We'll assign a function f(x) = cube root (x) = x^(1/3)

The function is continuous and it could be differentiated over the range [64 , 68].

The Lagrange's theorem states that:

If the followings are true

1) f(x) continuous over [64 , 68]

2) f(x) differentiable over the range (64 , 68)

Then there is a point c that belongs to the range [64 , 68], such as f(68) - f(64) = f'(c)*(68 - 64).

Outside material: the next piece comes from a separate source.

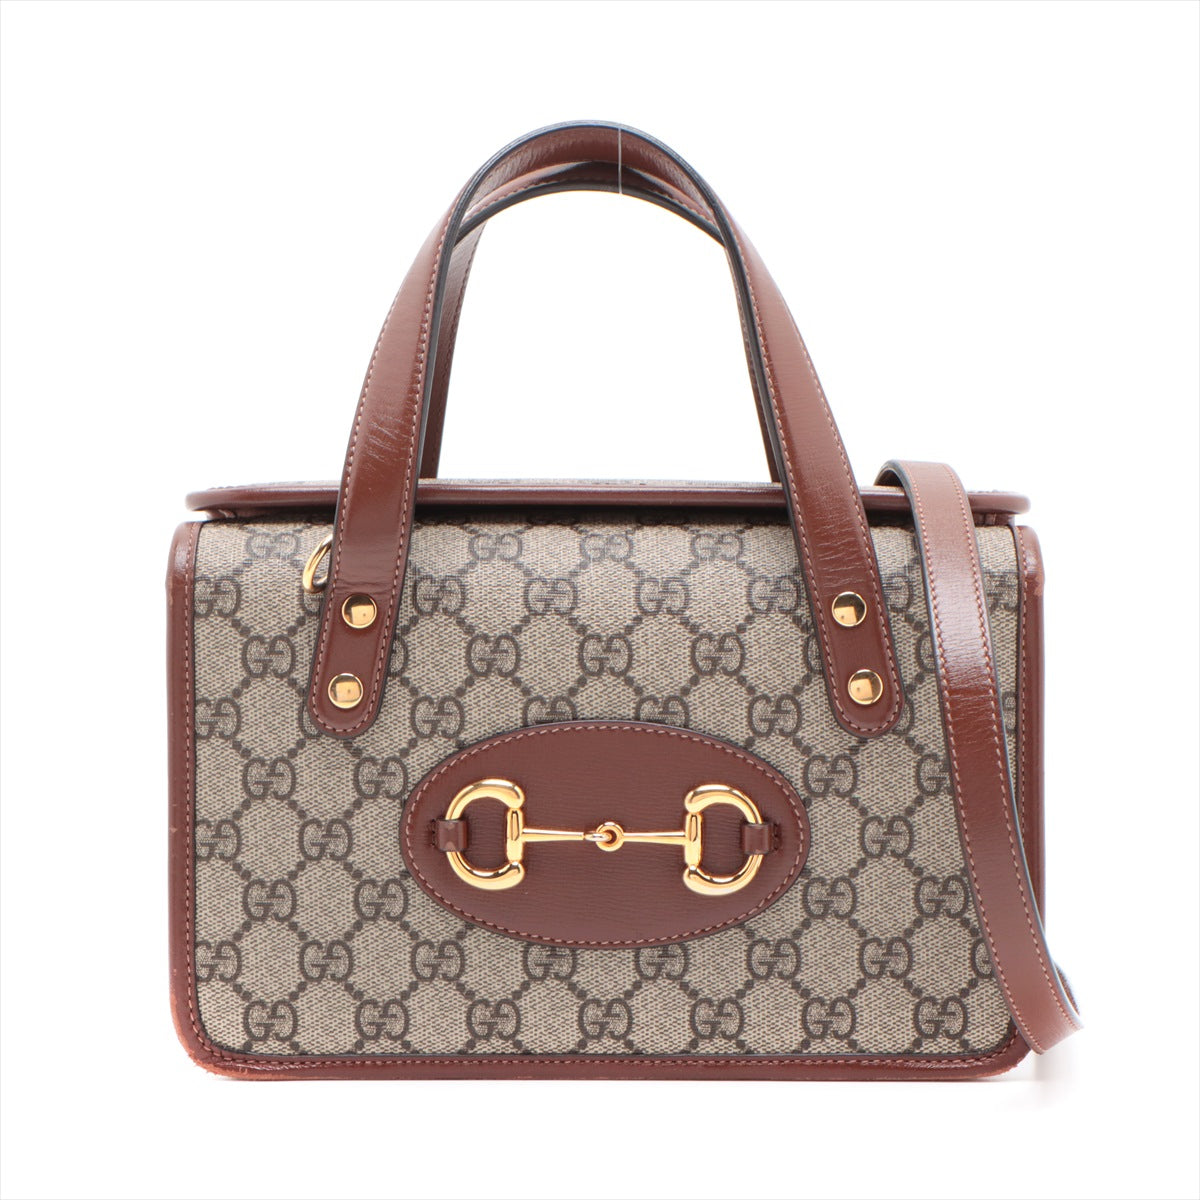 Gucci Horsebit GG Supreme 2way handbag Brown 645453

We'll re-write the identity f(68) - f(64) = f'(c)*(68 - 64);

(68)^(1/3) - (64)^(1/3) = [4/3c^(2/3)]

(68)^(1/3) - 4 = [4/3c^(2/3)]

But (68)^(1/3) - 4 < 1/12 <=> [4/3c^(2/3)] < 1/12

[4/c^(2/3)] < 1/4 => [1/c^(2/3)] < 1/16

We know that 64 < c < 68 => 64^(2/3) < c^(2/3) < 68^(2/3)

1/64^(2/3) > 1/c^(2/3) > 1/68^(2/3)

1/16 > 1/c^(2/3) > 1/68^(2/3)

The identity (68)^(1/3) - 4 < 1/12 is verified for af function f(x) = x^(1/3), continuous and differentiable over the range [64 , 68].